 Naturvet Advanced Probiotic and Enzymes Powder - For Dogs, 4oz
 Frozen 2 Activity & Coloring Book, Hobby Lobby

...

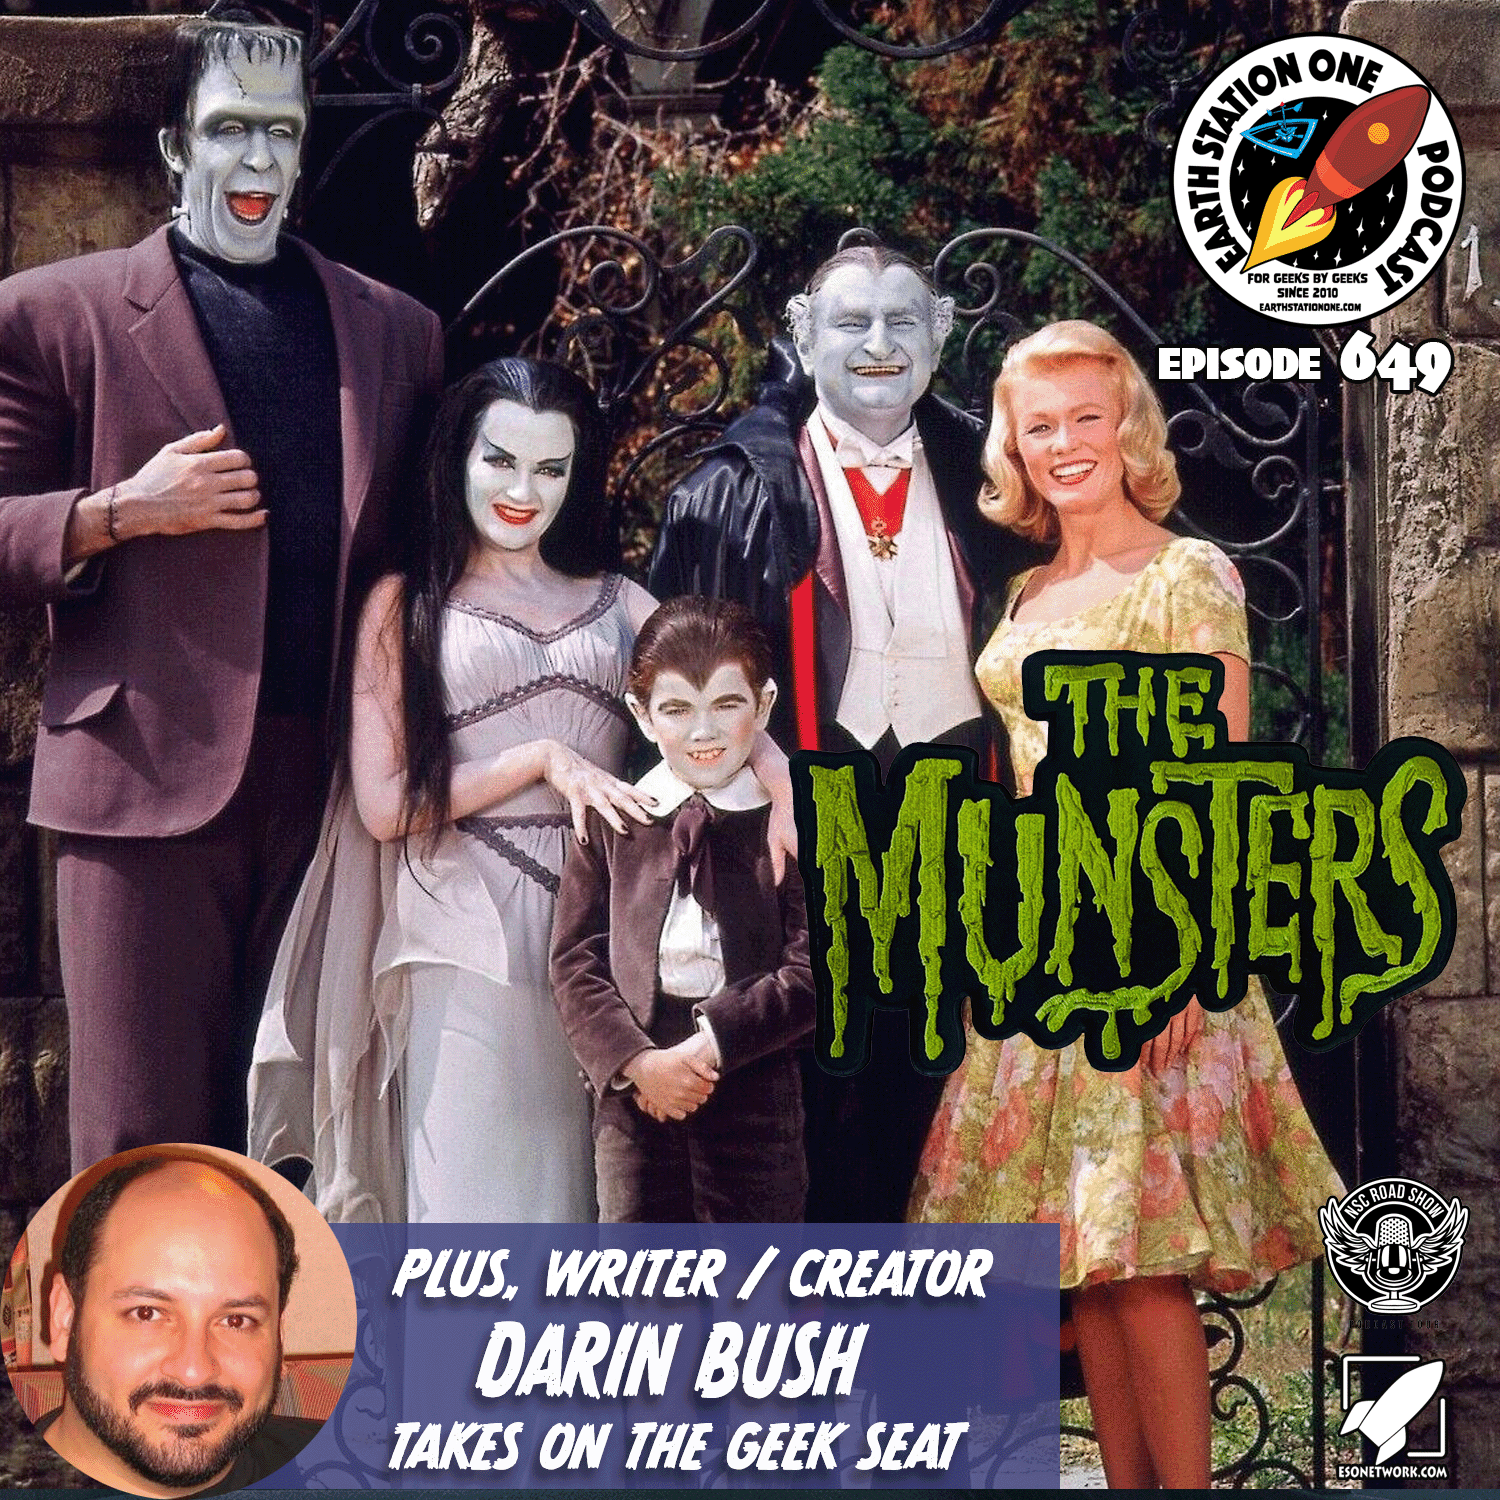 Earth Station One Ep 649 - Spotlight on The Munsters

ASSIGNMENT: Output the material above exactly, but only from the line that carries "Naturvet Advanced Probiotic" through the line that carries "Frozen 2 Activity".

ANSWER SECTION:
 Naturvet Advanced Probiotic and Enzymes Powder - For Dogs, 4oz
 Frozen 2 Activity & Coloring Book, Hobby Lobby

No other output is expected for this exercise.